To turn on the feature, open the latest version of the Google Maps app and go to Settings. Then choose Accessibility and turn on Accessible Places. 

Action Blocks lets users make customizable home screen buttons for tasks that serve as shortcuts.


Action Blocks, a new app for Android, aims to make it easier for people with cognitive disabilities or age-related cognitive conditions to carry out tasks on their device. The app lets users create customizable home screen buttons so they don't have to go through multiple steps to access things like video calls, the weather or the news. Instead, they can launch them with one tap by creating an Action Block for any task the Google Assistant can perform. They can choose an image for the Action Block from their camera or photo gallery and set it on their home screen so it's easily accessible. The app is available on the Play Store for devices on Android 5.0 and above.

Google also launched several updates to Live Transcribe, an app that provides real-time, speech-to-text transcriptions for conversations for people who are deaf or hard of hearing. Now, users can add custom words or names that aren't commonly found in the dictionary for the system to recognize and spell. In addition, they can use the search bar to more easily look through past conversations. Users can enable this feature by turning on "Saving Transcriptions" in settings, which will save transcriptions to their device for three days.

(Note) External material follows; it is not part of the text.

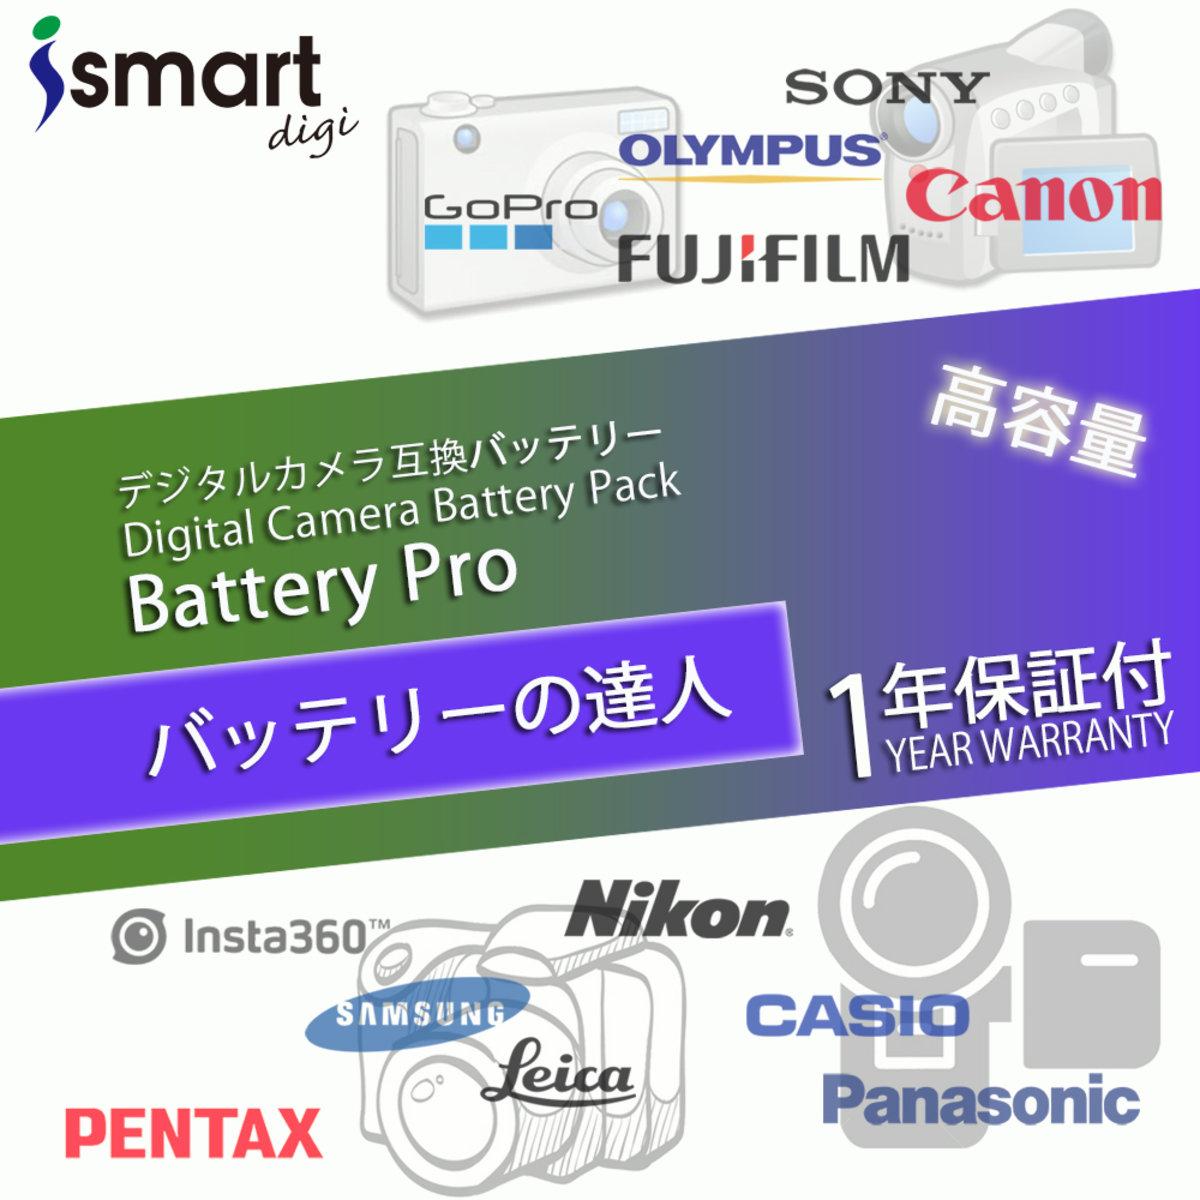 佳能數碼相機電池(適合: MV730i, 750i, PowerShot G5, G6)

Live Transcribe now also supports seven more languages, including Albanian, Burmese and Punjabi. People can also set their phone to vibrate when someone nearby says their name, so they'll know when someone wants their attention.  

Lastly, Sound Amplifier, which filters and amplifies the sound around someone, now works with  Bluetooth  headphones. The app can also amplify the audio on a phone, so users can more clearly hear videos, music, podcasts or other media on their devices. The feature is currently only available on Pixel.